En ce moment, je traverse une rupture amoureuse. Ça ne m’était plus arrivé depuis longtemps et franchement, c’est bien chiant - en plus d’être super triste. Le plus chiant c’est de ne pas pouvoir partager ces petites choses du quotidien qui auraient pu faire sourire l’autre. Il en va du dernier roman qu’il a lu, à ma tentative de boulettes de viande, à une histoire de pull et de pantalon. Ces détails qui, aux yeux du monde n’ont absolument aucune importance, mais qui font le ciment du lien. Alors pour vivre cette séparation le mieux possible, j’applique une technique apprise à mes 16 ans que je vous livre ici. Quand l’envie irrésistible de lui écrire me chatouille le cœur – comme hier soir à la fin de shabbat – je le fais. Hier soir, à deux heures du matin, j’ai écrit un joli petit pavé dans les notes de mon téléphone, mais sans l’envoyer. Ce matin, après une nuit de 8heures, j’étais de nouveau capable de me raisonner. Quand j’ai vraiment besoin de l’envoyer, alors je l’envoie à une amie ou un ami qui pourra recevoir ma peine en toute bienveillance.
Vous me direz : Julia, t’es mignonne cocotte avec tes histoires de coeur mais quel rapport avec la parasha de la semaine ?
La sixième heure
Au début de notre relation, quand on essayait de trouver le bon rythme et la bonne fréquence, il avait pour habitude de me dire : « Si seulement les Hébreux avaient pu attendre quelques heures, Julia ! Juste quelques heures. » C’était sa manière biblique de me dire : « Relax, les bonnes choses prennent parfois un peu de temps à devenir. » Il faisait ainsi référence à la parasha de la semaine Ki Tissa qui raconte l’épisode tristement célèbre de la faute du Veau d’Or.

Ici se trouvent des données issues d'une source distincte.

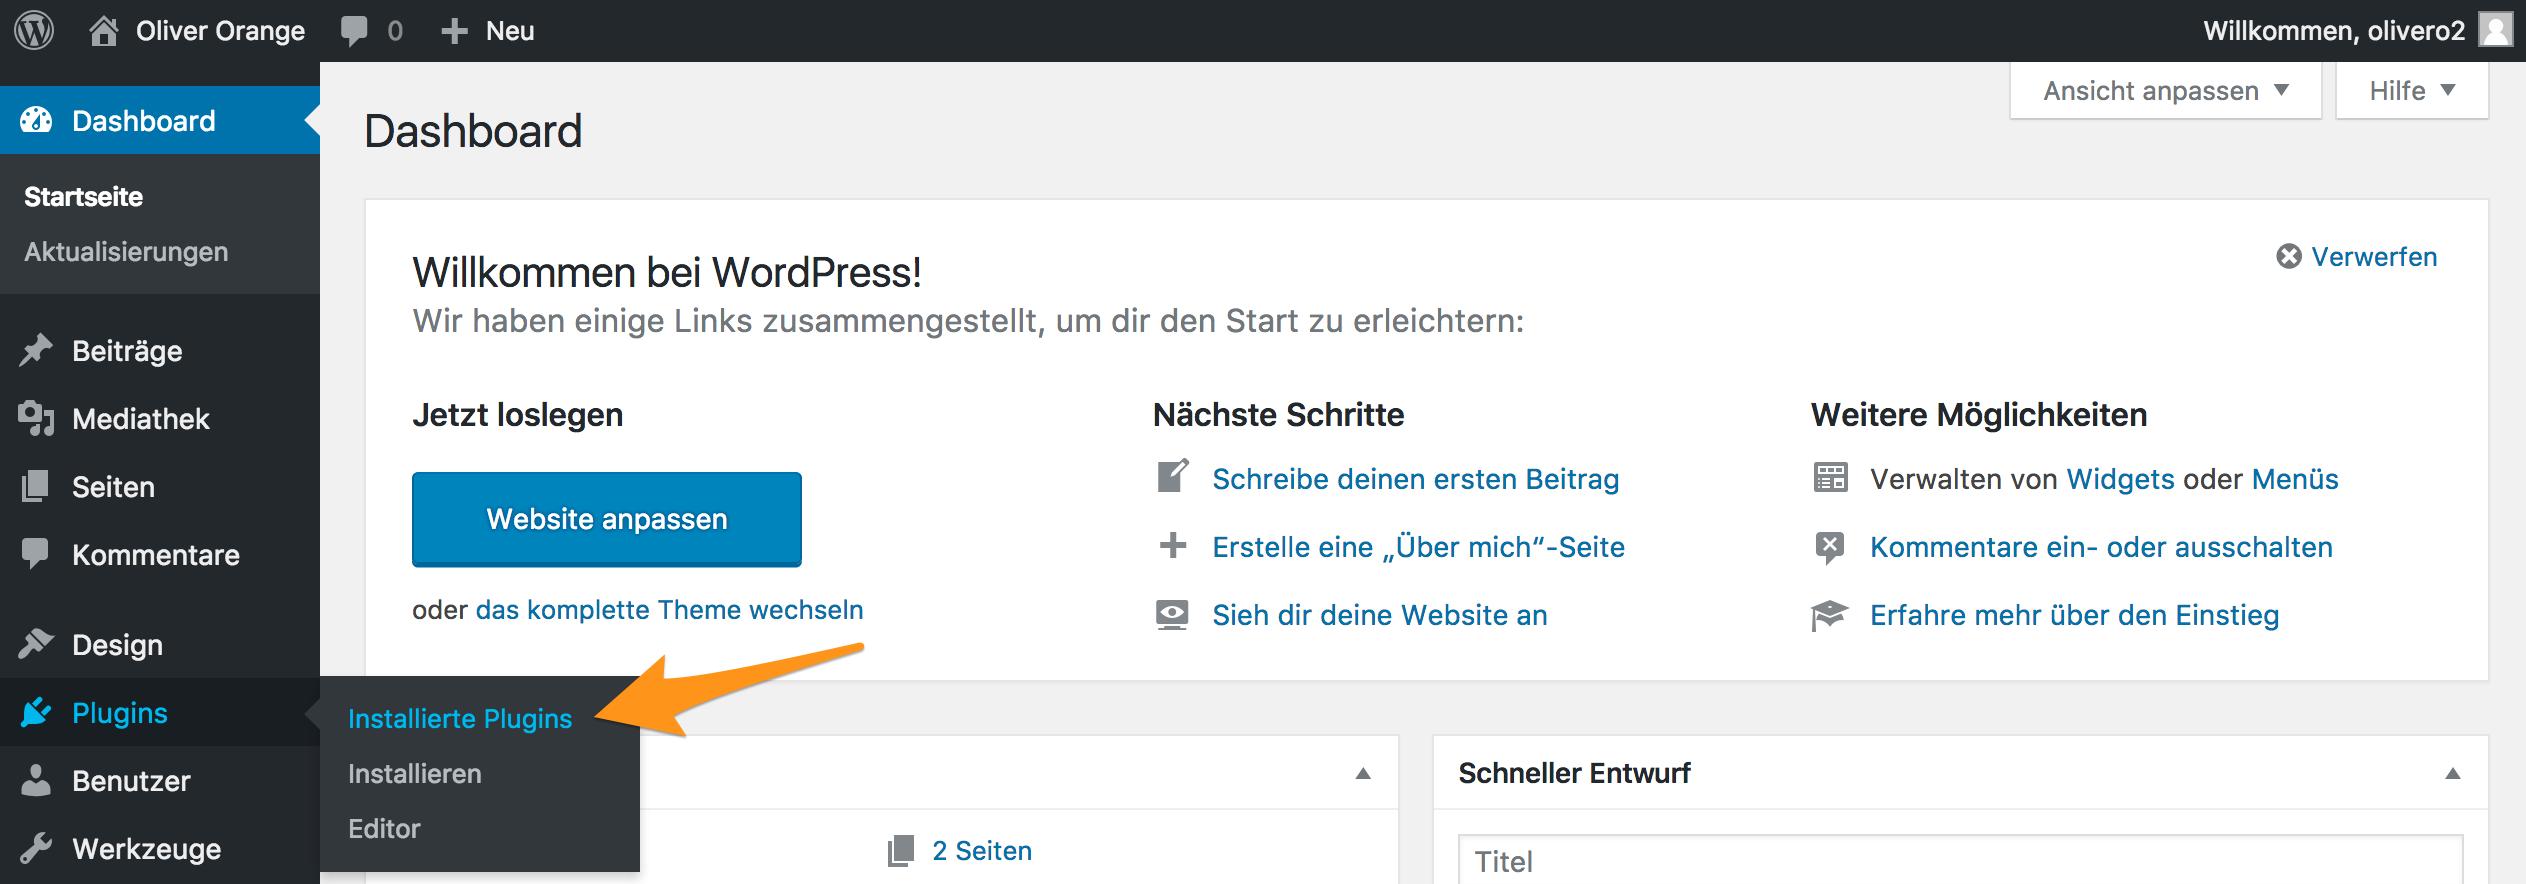 Menü «Plugins» im WordPress-Backend

Lorsque les Israélites virent que Moïse tardait à redescendre de la montagne, ils se réunirent auprès d’Aaron et lui dirent : « Allons, fabrique-nous un dieu qui marche devant nous, car nous ne savons pas ce qui est arrivé à ce Moïse, l’homme qui nous a fait sortir d’Egypte. » [1]
וַיַּ֣רְא הָעָ֔ם כִּֽי־בֹשֵׁ֥שׁ מֹשֶׁ֖ה לָרֶ֣דֶת מִן־הָהָ֑ר וַיִּקָּהֵ֨ל הָעָ֜ם עַֽל־אַהֲרֹ֗ן וַיֹּאמְר֤וּ אֵלָיו֙ ק֣וּם
(Exode 32 :1)
Violant allègrement le premier commandement de la Torah interdisant toute forme d’idolâtrie, le peuple exige d’Aaron, d’ériger un dieu fait avec l’or de leurs bijoux. Doute profond, insécurité affective, rupture, manque de confiance, renoncement à la foi, ingratitude, trahison et infidélité … tant de mots ont été utilisés pour décrire la symbolique très forte de cet épisode et les conséquences profondes sur la relation triangulaire entre le Peuple, Moïse et Dieu.

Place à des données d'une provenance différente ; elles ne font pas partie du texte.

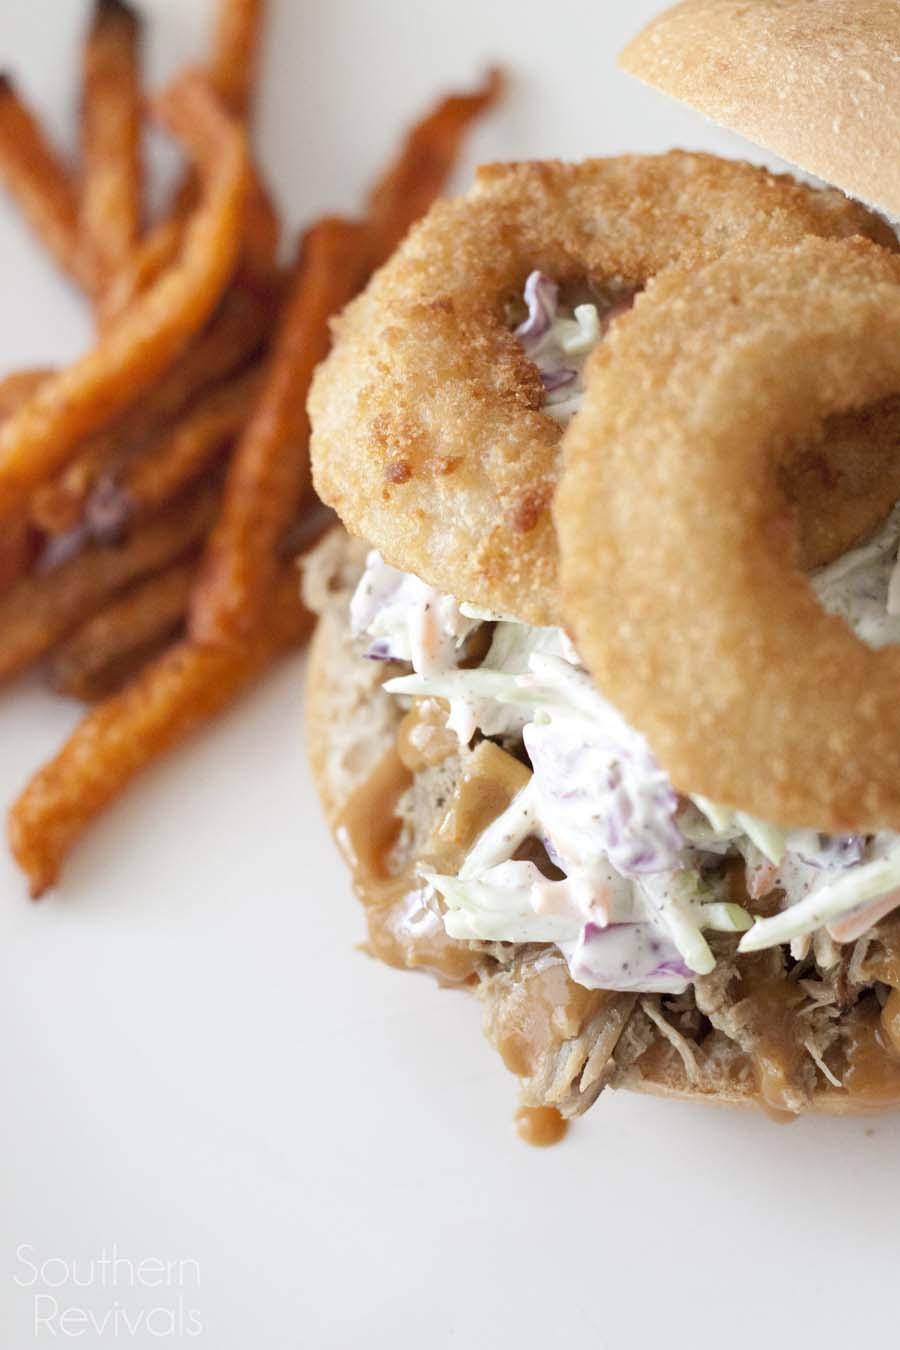 Southern BBQ Slaw Sandwich

Selon les commentateurs, ce qui se passe au pied de cette montagne est un mélange de malentendu et de manipulation. Selon Rachi et le Tora Temima il ne faut pas lire le mot בֹשֵׁ֥שׁ comme bochéch (il tardait) mais comme baou chéch (la sixième heure était arrivée).[2] Lorsque Moise était monté sur la montagne, il avait annoncé : « Je serai de retour après 40 jours, dans les six premières heures ». Apparemment le peuple aurait compris que le jour du départ faisait partie du décompte; or, Moïse ne comptait que les jours complets (40 jours et 40 nuits). A la sixième heure du quarantième jour, le Satan serait descendu et aurait apporté un peu plus de confusion. Tiens tiens, Il n’est pas revenu votre leader, je parie qu’il est mort. A ces mots, les sceptiques du groupe auraient commencé une révolte et le reste aurait suivi. Le Ramban est plus clément: selon lui, realisant que Moïse ne revenait pas, le peuple aurait plus eu besoin d’un guide qui leur montrerait le chemin, que d’un dieu. En le voyant redescendre, ils auraient immédiatement laissé tomber leur nouveau maître.[3]
C’est une histoire de six petites heures qui leurs coûtera une longue errance dans le désert. Six petites heures, c’est le temps qu’il me faudrait aujourd’hui pour me faire couler un bain, lire un chapitre d’un bouquin et faire une sieste.
Ça c’est aujourd’hui. Pourtant l’impatience et l’impulsivité sont deux traits de caractère qui gouvernent ma vie depuis toujours. Dans les bons jours, on appelle ça rapidité, vivacité et spontanéité. Dans les mauvais jours, je coupe la parole, j’anticipe, j’interviens, je provoque sans vraiment savoir, je réagis. Professionnellement, une jeune femme de 25 ans qui se permet de tout le temps dire ce qu’elle pense avec peu de retenue, n’était pas toujours apprécié. Les feedbacks de mes managers étaient consistents : ‘intelligente, ambitieuse et solide performance mais doit adapter son style de communication, peut paraître arrogante’. L’écriture est une bonne planque pour les gens comme moi. On a le temps de se relire.
Remarque, je crois que comme Obélix, je suis tombée dans la marmite étant petite. Je pense avec tendresse à mon grand-père, Wolf Cincinatis qui était un homme pressé, constamment en train de regarder sa montre, même durant ses vieux jours lorsqu’il n’avait ni plan, ni ami, ni rien prévu de sa journée. Vous n'aviez pas envie d’être bloqué dans les embouteillages avec mon grand-père : « Avaaaaaaaaaaance, lamekak», je l’entends crier devant son volant. [4]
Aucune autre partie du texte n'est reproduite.